I will sharpen my earlier comment a little. The number of such matrices is divisible by $(p-1)^{2n-2}$ (though it may be zero). Let $T$ be the group of invertible diagonal matrices, and let $\mathcal{M}$ denote the set of invertible matrices of full rank ( though not necessarily determinant 1). Then $M \to TMU^{-1}$ defines an action of $T \times T$ on $\mathcal{M},$ and the only pairs $(T,U)$ which fix any element are those with $T = U$ both scalar. Hence $(T \times T)/{\rm diag} (S)$ acts semi-regularly on $\mathcal{M},$ where $S$ is the subgroup of $T$ consisting of scalars. Thus $|\mathcal{M}|$ is divisible by $(p-1)^{2n-1}$, and hence, as user74230 notes in comments, the number of matrices in $\mathcal{M}$ which have determinant $1$ is a multiple of $(p-1)^{2n-2}.$ Also, the number of such matrices is divisible by $\frac{n!}{2},$ since $A_{n}$ acts by right multiplication (in its representation by permutation matrices) on such matrices, and no non-identity element has any fixed point.

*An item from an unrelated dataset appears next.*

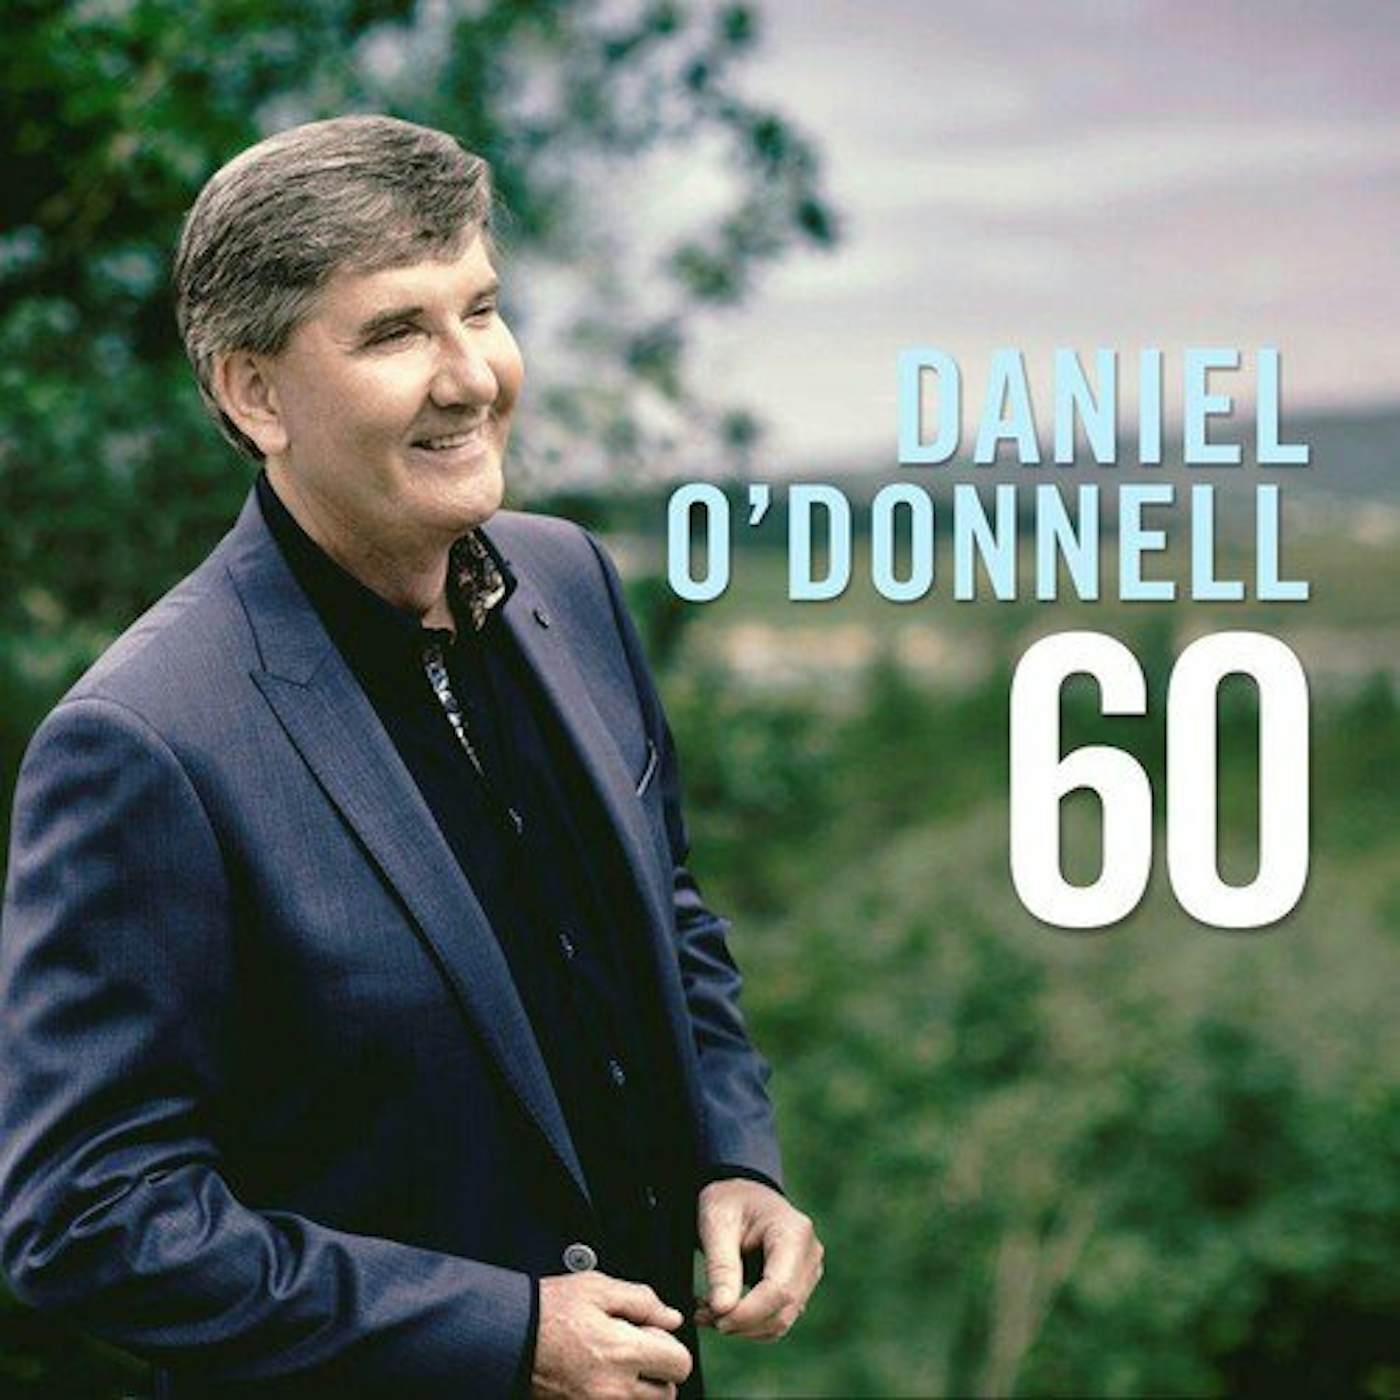 Daniel O'Donnell 60 Vinyl Record

Actually, I realise that this implies that when $n \geq p,$ the number of such matrices is divisible by $p.$ For when $p =2$ the number is zero, and when $p$ is odd and $n \geq p,$ then $|A_{n}|$ is divisible by $p^{\frac{n - \sigma_{p}(n)}{p-1}}$, where $\sigma_{p}(n)$ is the sum of the digits in the base $p$ expansion of $n.$

Here's another argument obtaining the mod $p$ count. It's enough to do for $p$ odd. The desired count is $\sum_{A\in \mathrm{SL}_n(\mathbb{F}_p)} \prod_{i,j=1}^n A_{ij}^{p-1}\cdot \det(A)^{p-1}$. Changing "$\mathrm{SL}$" to "$\mathrm{GL}$" (even to all $n\times n$ matrices) changes the sum by a factor of $-1$. So it suffices to calculate $\sum_{A_{ij}\in \mathbb{F}_p} \prod_{i,j=1}^n A_{ij}^{p-1}\cdot \det(A)^{p-1}$.

Now, for $e_{ij}\geq 0$, $\sum_{A_{ij}\in \mathbb{F}_p} \prod_{i,j=1}^n A_{ij}^{e_{ij}} = 0$ unless all $e_{ij}$ are divisible by $p-1$, in which case it is $(-1)^{n^2} = (-1)^n$. Therefore the cross-terms in $\det(A)^{p-1}$ all die, and the only terms that can contribute are the $(p-1)$-st powers of terms in $\det(A)$. There are $n!$ of these, and they all carry a sign of $(\pm 1)^{p-1} = 1$. Therefore the count for $\mathrm{GL}_n$ is $(-1)^n n!$, so the count for $\mathrm{SL}_n$ is $(-1)^{n+1} n!$.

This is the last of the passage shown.